23. Ночные бродяги (2)

[1] [2] [3] [4]

Тут мимо них прошли, чуть усмехаясь, оба легкомысленных друга.

И сразу, в то же мгновение, выплыли все старые, только что еще бесконечно далекие мысли: наглая газетная клевета, тягучая безнадежная борьба за Мартина Крюгера, теперь ее мужа. Почти физическим было это ощущение, она видела Крюгера здесь же, за столом. И так внезапно порвалась связь с Тюверленом, что и он, обычно плохой наблюдатель таких душевных движений, вздрогнул, поднял глаза.

И хотя она охотнее всего сейчас ушла бы с Жаком Тюверленом куда-нибудь подальше от Гармиша, куда угодно, в большой город, в затерянную в снегах деревушку, к нему в комнату, в его постель, она стала говорить ему злые, язвительные слова, которые должны были задеть его. Против своей воли. Но она не могла удержаться. «Нечто», сидевшее тут же с ними за столом, не потерпело бы другого.

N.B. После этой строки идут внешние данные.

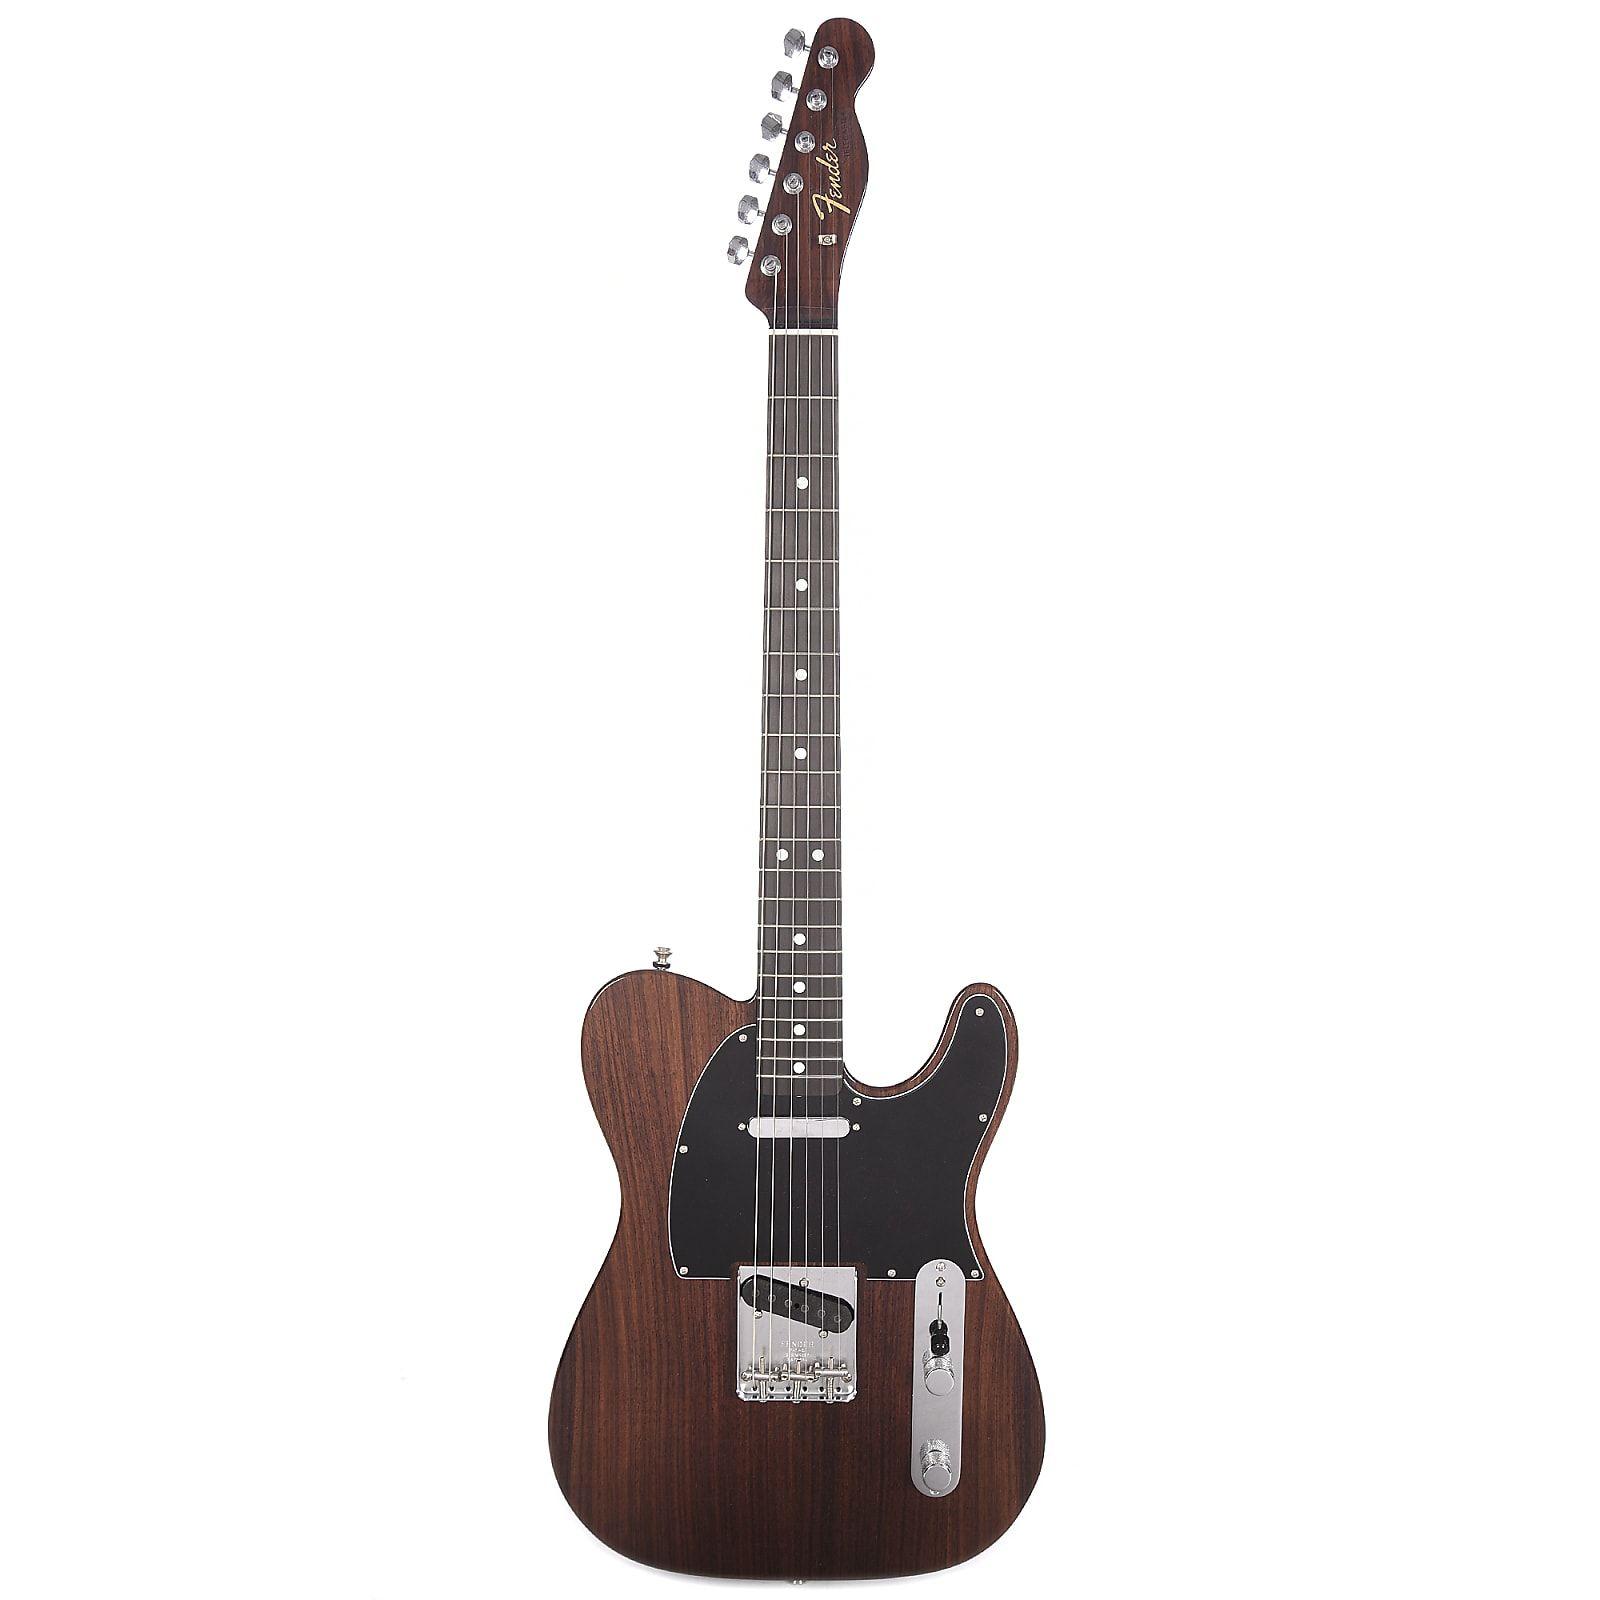 Fender Custom Shop 1967 Rosewood Telecaster Lush Closet

Тюверлен как-то раньше рассказывал ей о своих спорах с братом из-за наследства. Не смешно ли, когда человек, высказывающий такие резкие критические суждения о самых разнообразных людях, об организации их дел, об организации государств, – не смешно ли, – спросила она, – если такой человек жалко пасует при устройстве своих собственных дел? Не смешно ли, что человек, столь уверенный в своем здравом смысле, только тогда начинает заботиться о своих денежных делах, когда уже поздно? Ее нападкам не было конца. У нее было такое ощущение, словно все другие мысли, например мысль о Мартине Крюгере, я даже это «нечто», сидящее с ними за столом, – исчезают, когда она едко нападает на Тюверлена.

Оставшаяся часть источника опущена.